Abbreviations: ith, intrathecal; po, per oral; iv, intravenous; WK-ALL-2000, Wijaya Kusuma acute lymphoblastic leukemia protocol.

Random assignment

Patients were randomized using a computer into arm A and arm B. Arm A had tablets containing ciprofloxacin prepared in the pharmacy, while the placebo tablet contained tasteless material. Both the patients and the doctors and other staff were blinded to the tablet contents, and the groups were not unblinded until after the inclusion period had ended.
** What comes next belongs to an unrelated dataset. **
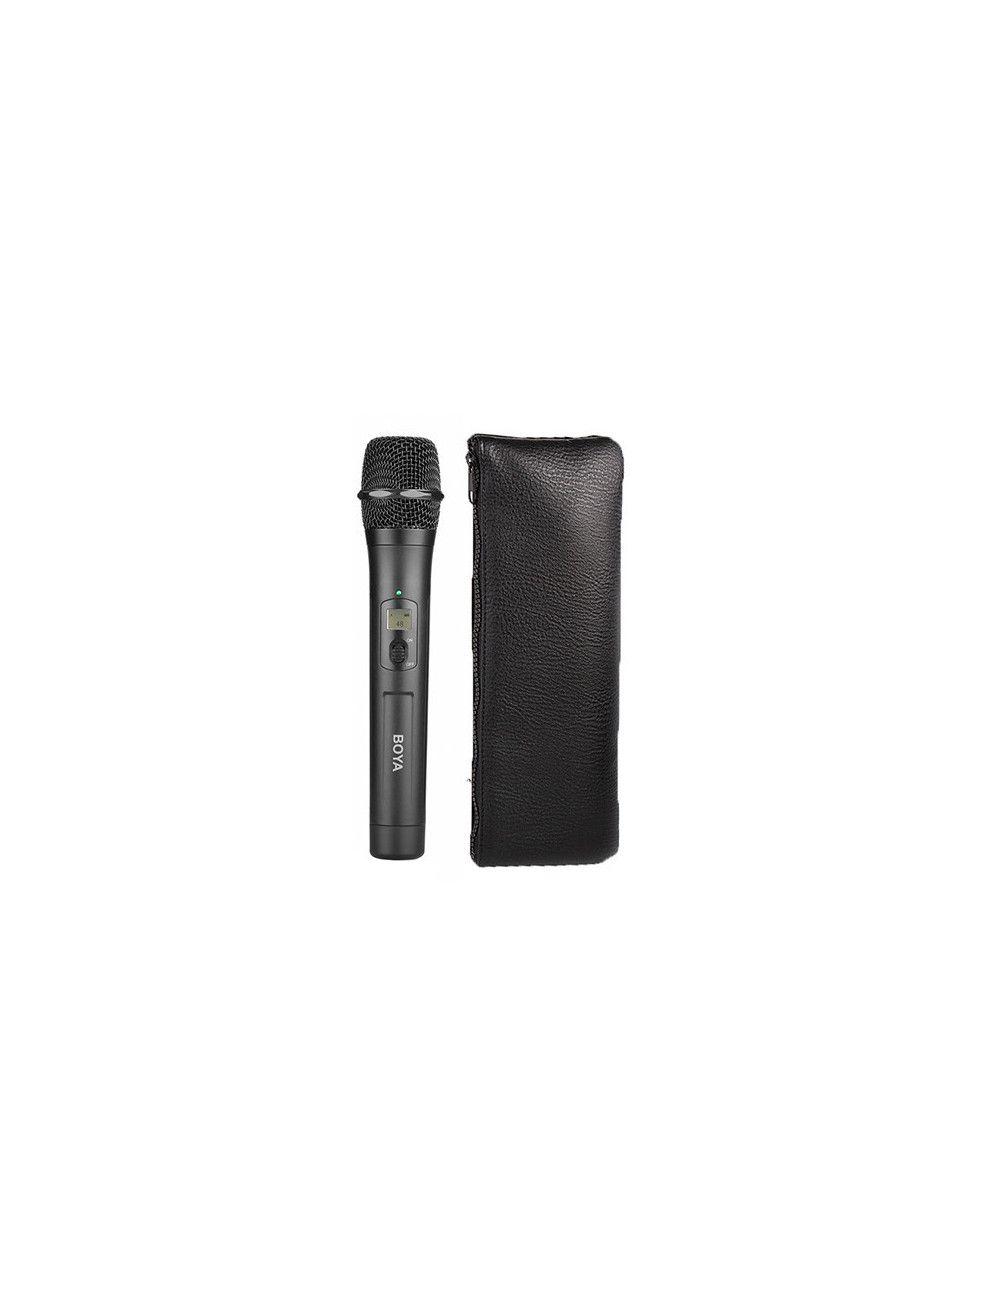 Flash Yongnuo YN560Li con baterías recargable de Litio para Canon Nikon Sony Pentax  y Panasonic

The tablets were taken orally twice per day from the onset of chemotherapy administration. The ciprofloxacin doses depended on the patient’s BW: BW 10–14 kg = 2 × 125 mg; BW 15–24 kg = 2 × 250 mg; BW 25–39 kg = 2 × 500 mg; and BW 40 kg or more = 2 × 750 mg. The tablets were taken continuously at home when the patient was discharged from hospital until completion of induction treatment. Modification of this treatment was permitted if the patient had fever.

Statistical analysis

The data were collected in a research-patient file and transferred to a computer spreadsheet form containing information of the protocol used, presentation at diagnosis (sex, age group, WBC group, risk group, nutritional status), day 8 peripheral lymphoblasts count, any fever and clinical sepsis, date of death or abandonment, and remission status at the end of the induction treatment.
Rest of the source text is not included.